● Supplied records:

◇ ◇ ◇ ◇ ◇

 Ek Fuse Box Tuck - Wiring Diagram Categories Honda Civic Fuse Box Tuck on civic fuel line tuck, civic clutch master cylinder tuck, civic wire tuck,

◇ ◇ ◇ ◇ ◇

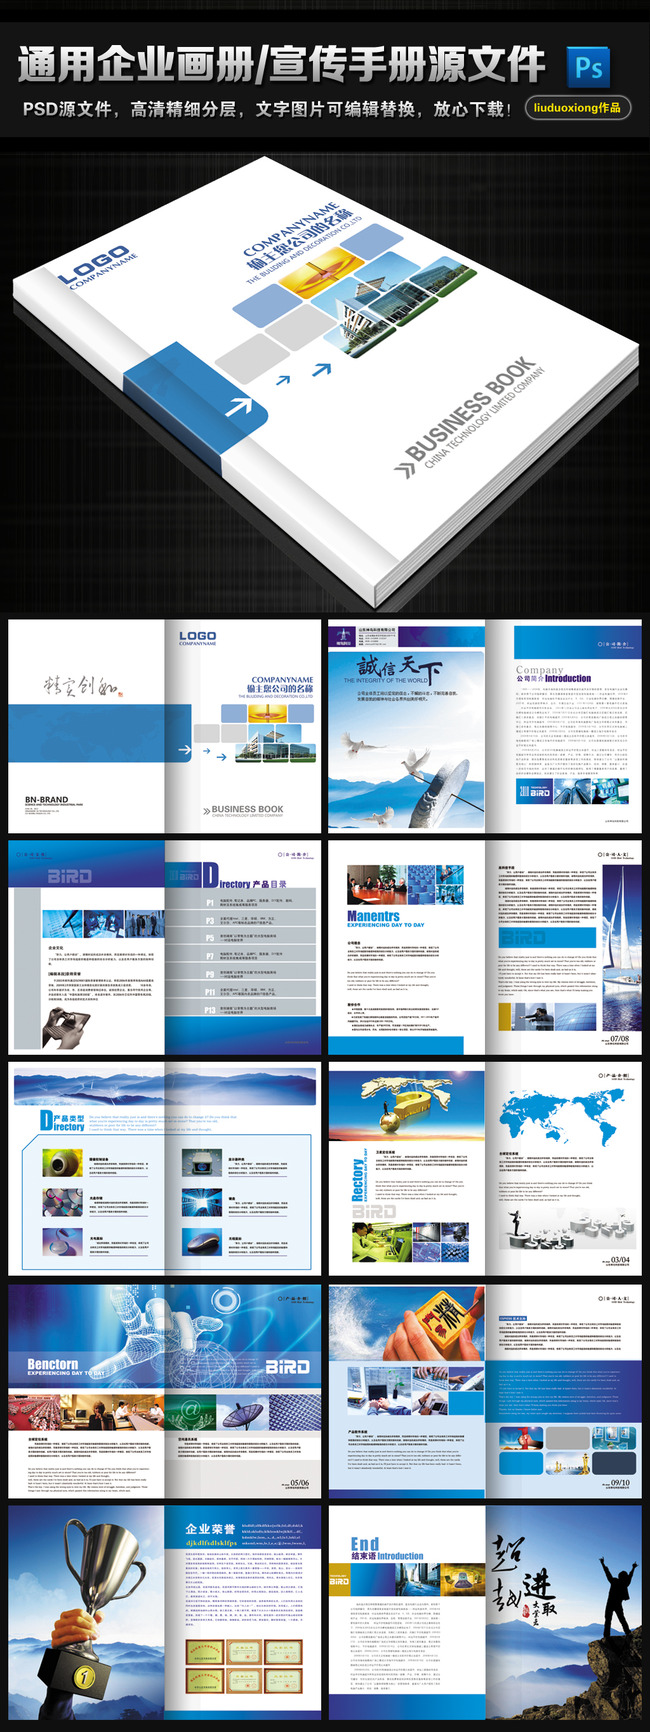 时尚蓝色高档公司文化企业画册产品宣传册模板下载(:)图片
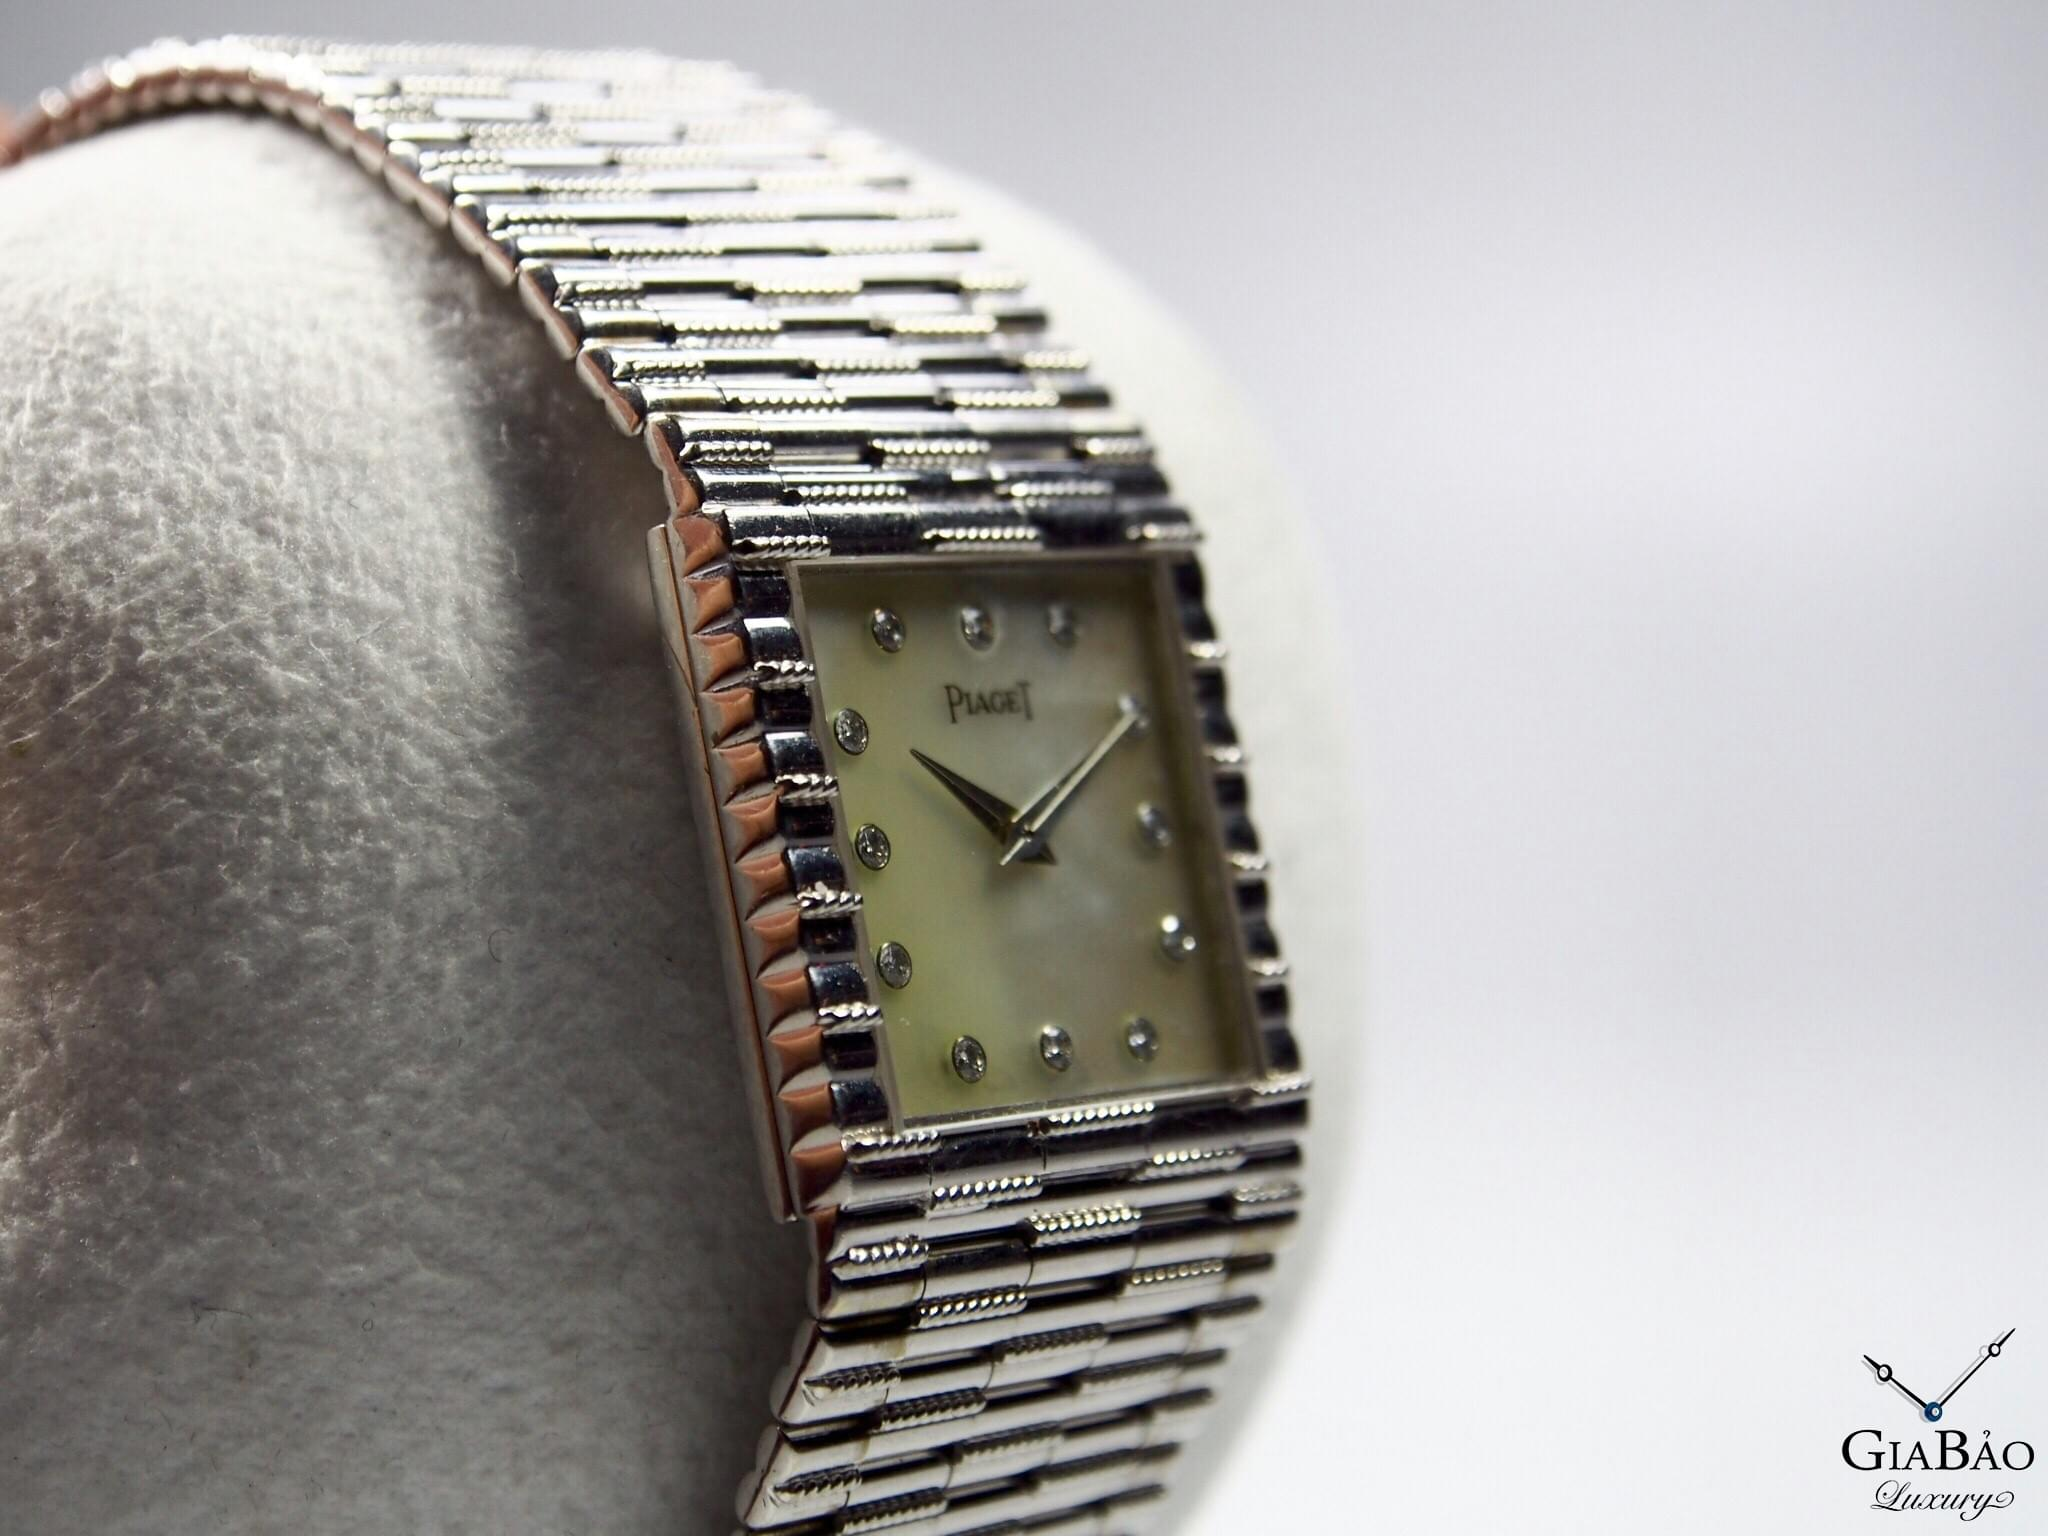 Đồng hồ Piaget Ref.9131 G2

◇ ◇ ◇ ◇ ◇

● Work task: Quote word for word only the lines above from the one containing "时尚蓝色高档公司文化企业画册产品宣传册模板下载(:)图片" through the one containing "Đồng hồ Piaget Ref.9131 G2". Pictures stay out of your copy.

● Written answer:
 时尚蓝色高档公司文化企业画册产品宣传册模板下载(:)图片
 Đồng hồ Piaget Ref.9131 G2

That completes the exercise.